ASTORIA, Ore. — One of the West Coast’s biggest fish companies, Pacific Seafood, has told a federal judge it isn’t going through with the purchase of a Washington state processor that fishermen have challenged in an antitrust case.

Commercial fishermen contend the purchase of the Ocean Gold Seafoods plant at Westport will extend Pacific Seafood’s monopoly power over fish markets.

The plant is a major processor of whiting, which is used in simulated crab products and sold as fillets.
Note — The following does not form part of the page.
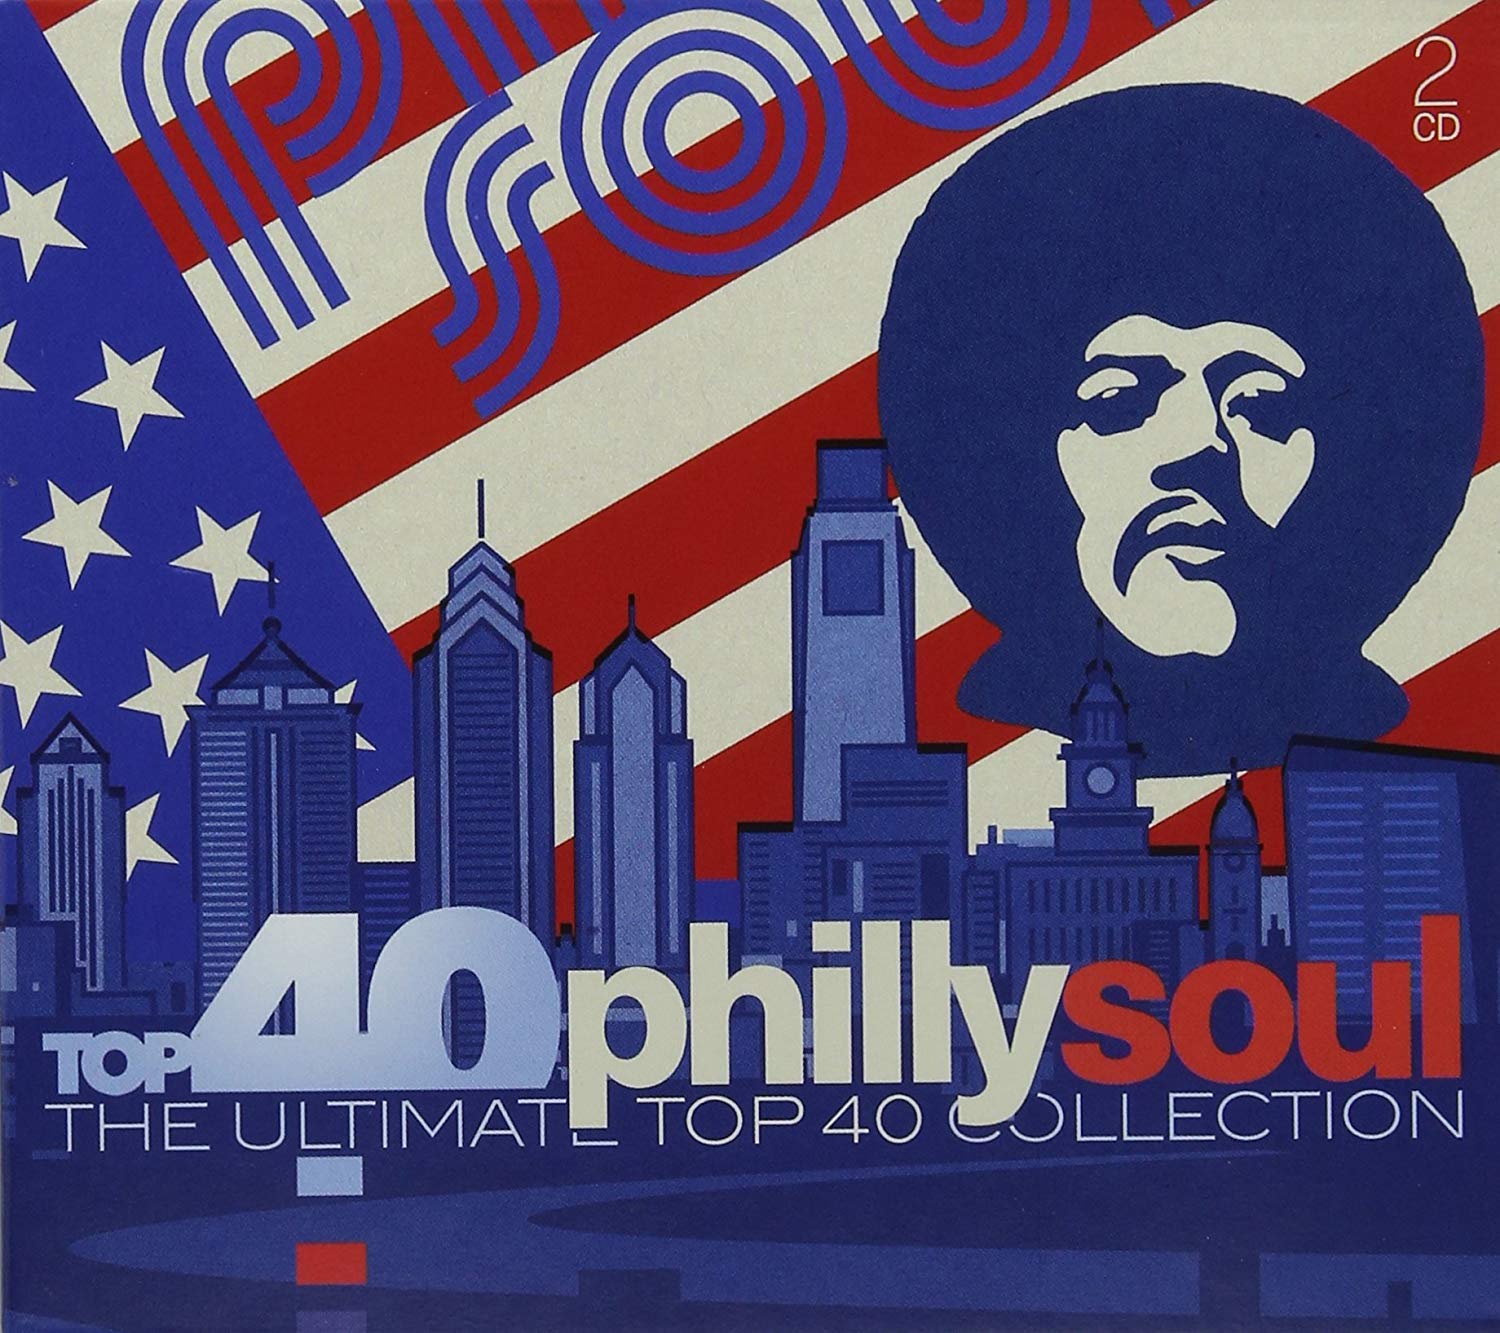 Top 40 Philly Soul - The Ultimate Top 40 Collection

It’s the most abundant commercial species on the West Coast.

A hearing is scheduled on a temporary restraining order for early February, the Daily Astorian reported Wednesday.

In a motion to dismiss the lawsuit, attorneys for Pacific Seafood told the U.S. District Court in Medford that a proposed stock purchase agreement with Ocean Gold “is dead and gone — it is no more.” A lawyer for the company, Daniel Occhipinti, cited the time and expense of the litigation.

But the lawyer for the fishermen, Michael Haglund of Portland, said the lawsuit would go forward.

“They’re not willing to stipulate that they won’t acquire Ocean Gold,” he said. “They’re just saying the transaction is terminated for now.”

He said the fishermen want a court order forbidding the company from buying Ocean Gold or having an arrangement that allows Pacific Seafood to control it.

“We’re very disappointed that this great opportunity for Ocean Gold, its employees, our community and my family will not proceed,” Mark Rydman, the president of Ocean Gold Seafoods, said in a statement.

Pacific Seafood has an exclusive marketing agreement with Ocean Gold that runs through February 2016.

Frank Dulcich, president and CEO of Pacific Seafood Group, also has a significant stock holding in Ocean Gold.

The Oregonian recently reported that he has built Pacific Seafood from a single retail shop in Portland into one of the largest integrated seafood companies in the country, with sales approaching $1 billion.

It has purchased 18 seafood processing plants in Northern California, Oregon and Washington, is the sole buyer of seafood in seven coastal cities and has assembled its own fishing fleet. The company employs more than 2,500 people at 35 locations.

In 2012, commercial fishermen settled a previous class-action lawsuit against Pacific Seafood. The company agreed to take steps to improve competition, including not extending the Ocean Gold marketing agreement beyond February 2016.